== TO DO ==
Would you transcribe the listing exactly as it stands, minus any images?

== DATA BELOW ==
----

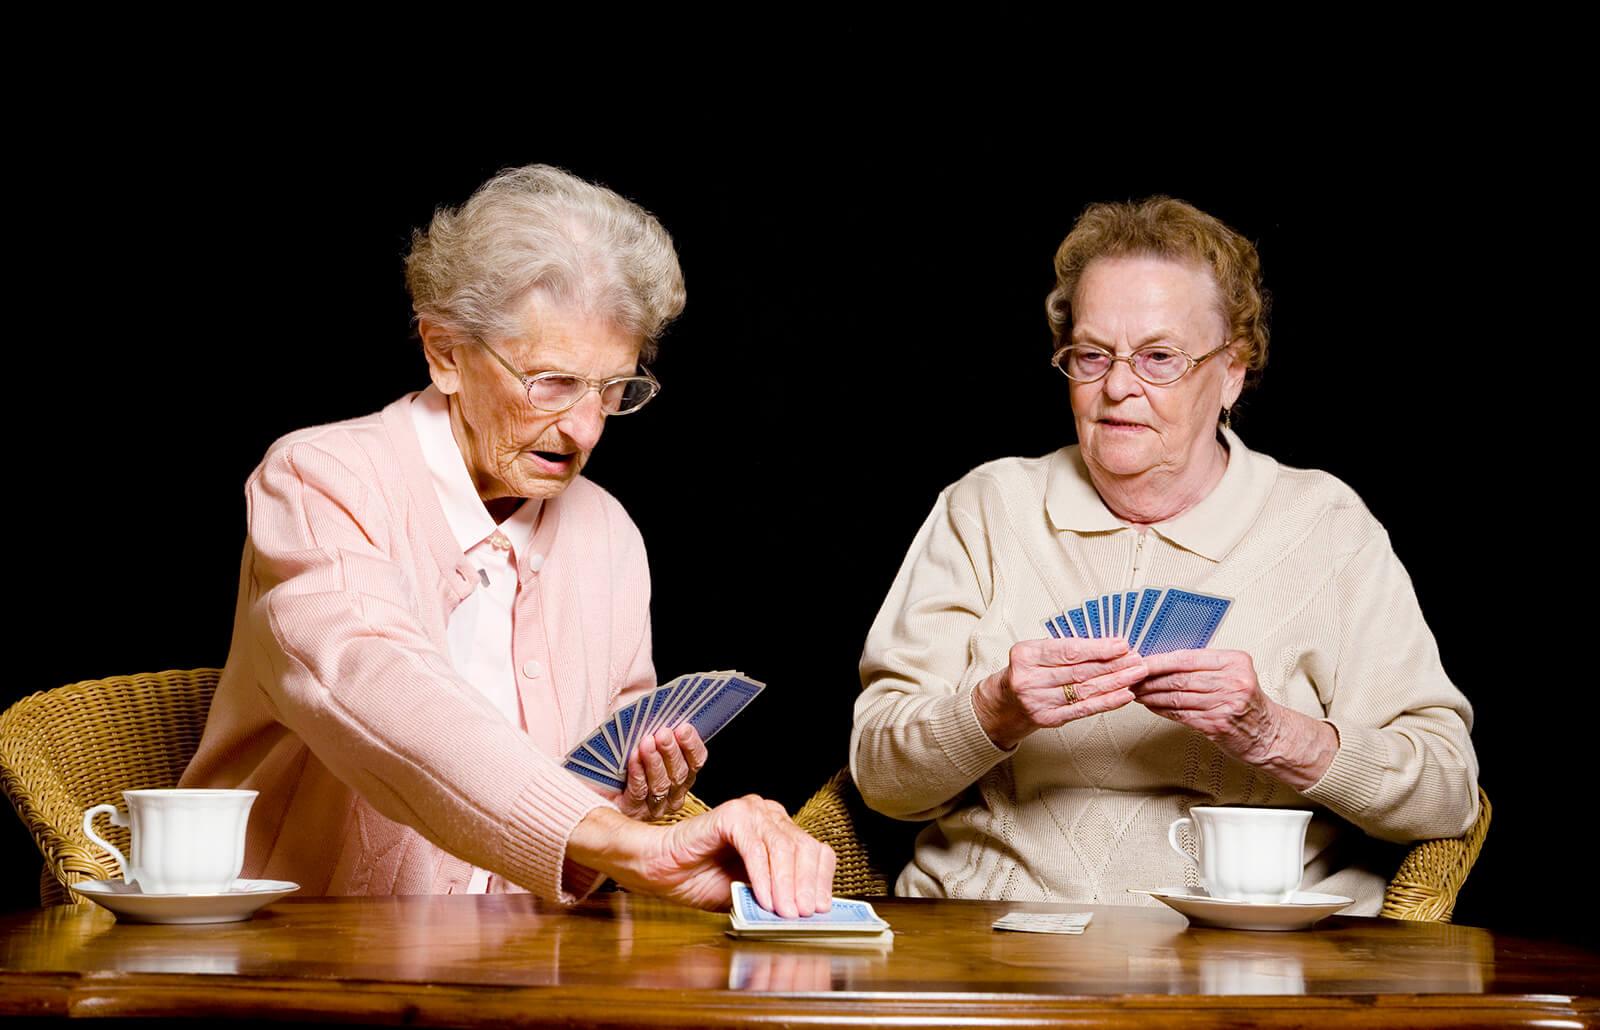 actividades-juego-personas-mayores.jpg
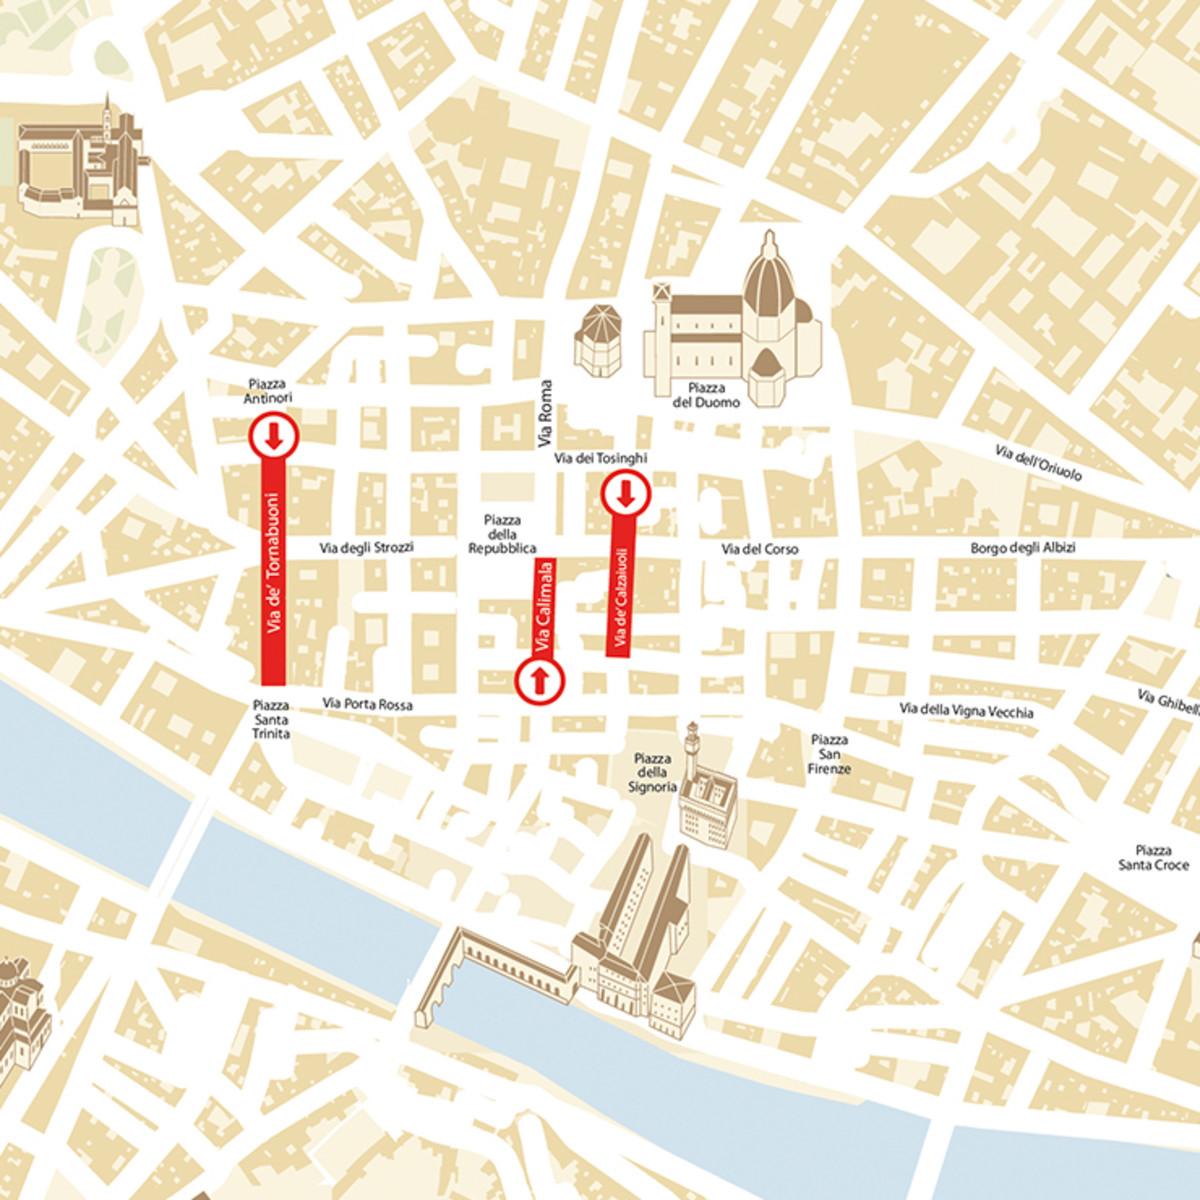 Firenze Cartina Centro Storico.Tutti I Sensi Unici Pedonali Da Sapere Per Muoversi Nel Centro Storico Di Firenze Nel Weekend
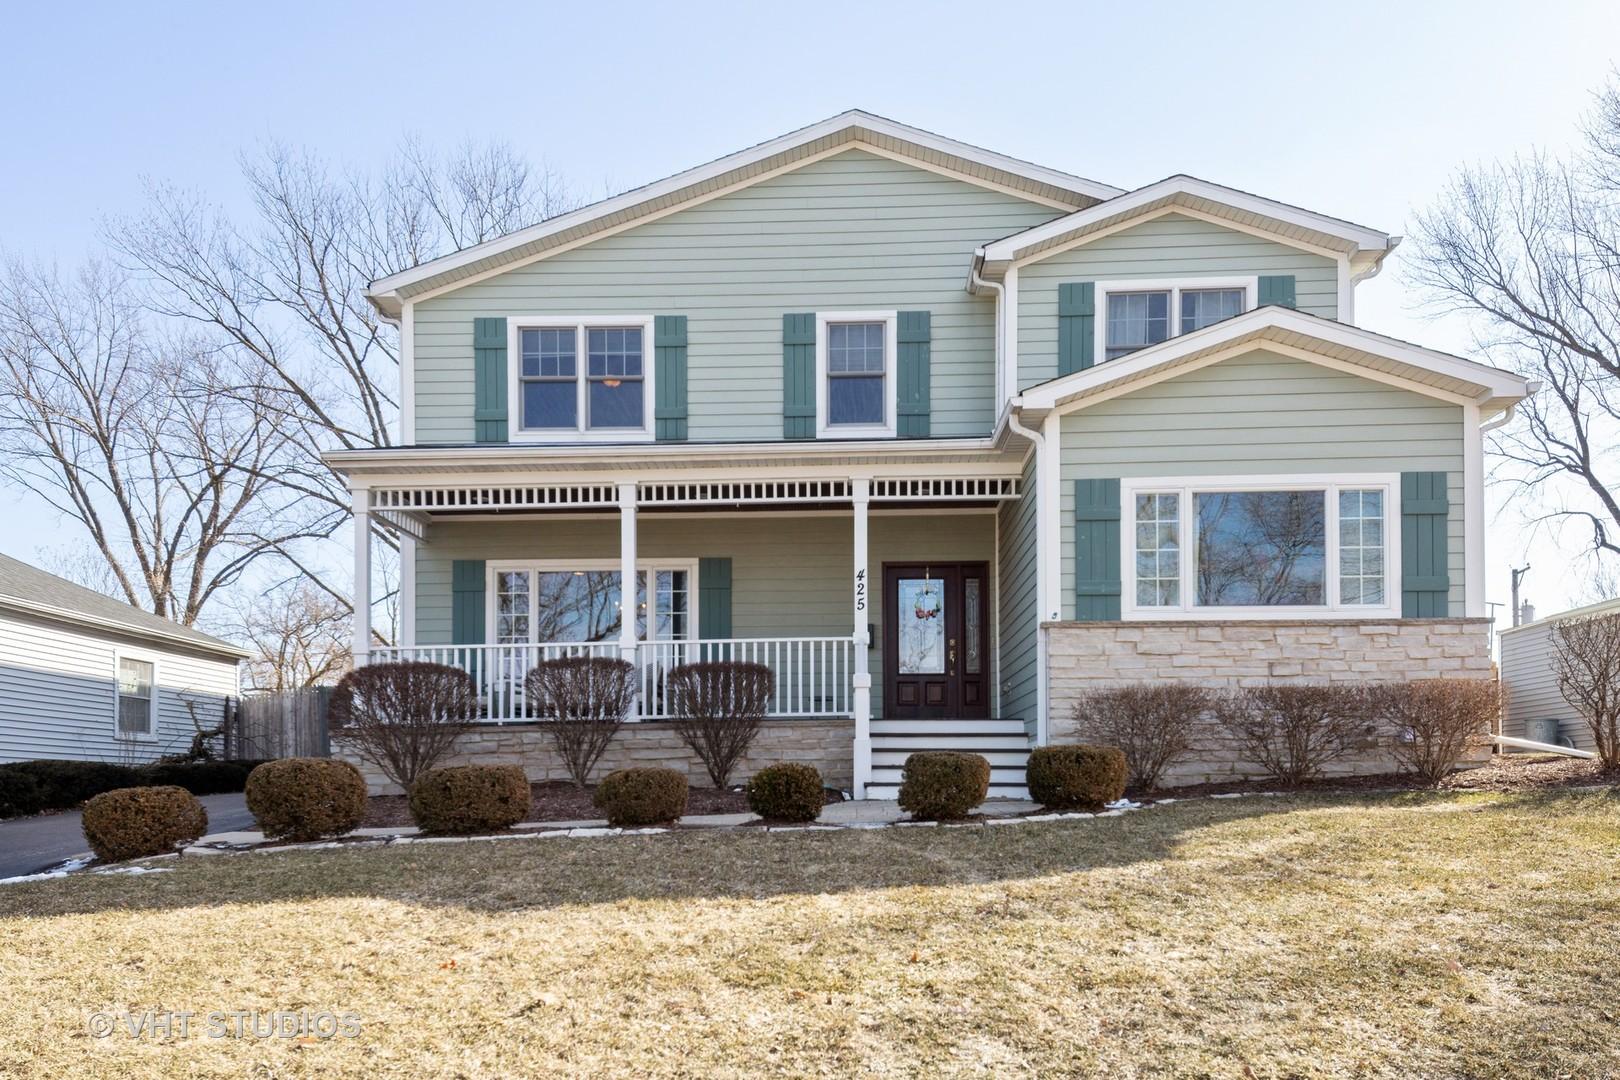 425 Garfield ,Lombard, Illinois 60148
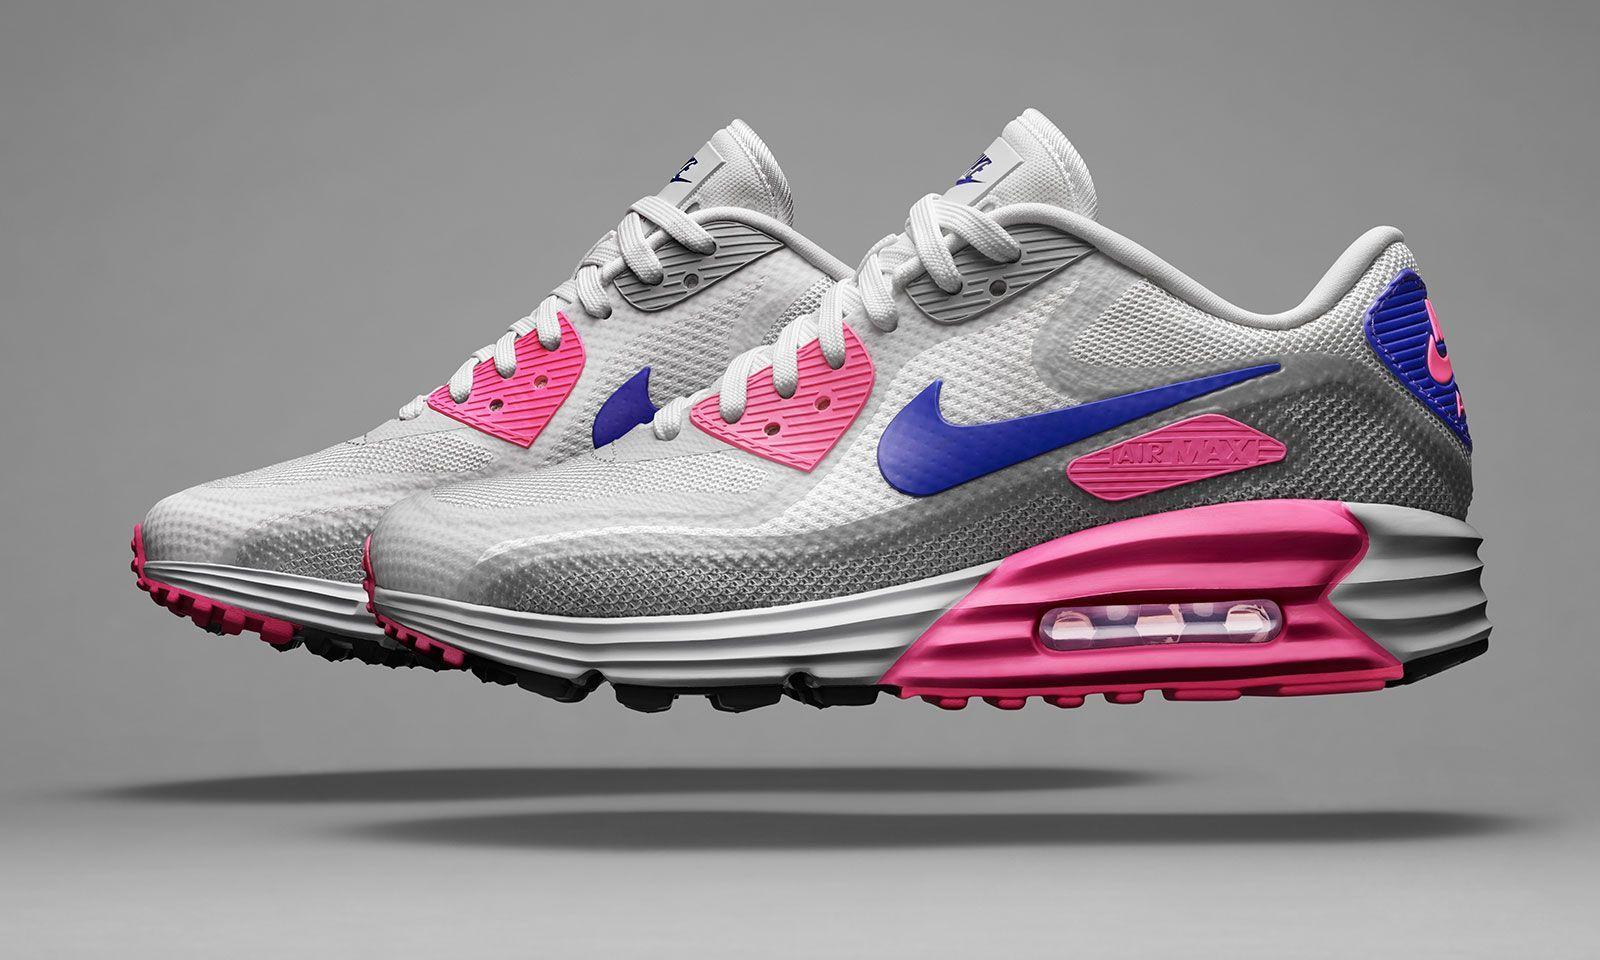 nike air max lunarlon 90 womens | Nike air, Nike air max

----

== RESULT OF THIS EXERCISE ==
 actividades-juego-personas-mayores.jpg
 Firenze Cartina Centro Storico.Tutti I Sensi Unici Pedonali Da Sapere Per Muoversi Nel Centro Storico Di Firenze Nel Weekend
 425 Garfield ,Lombard, Illinois 60148
 nike air max lunarlon 90 womens | Nike air, Nike air max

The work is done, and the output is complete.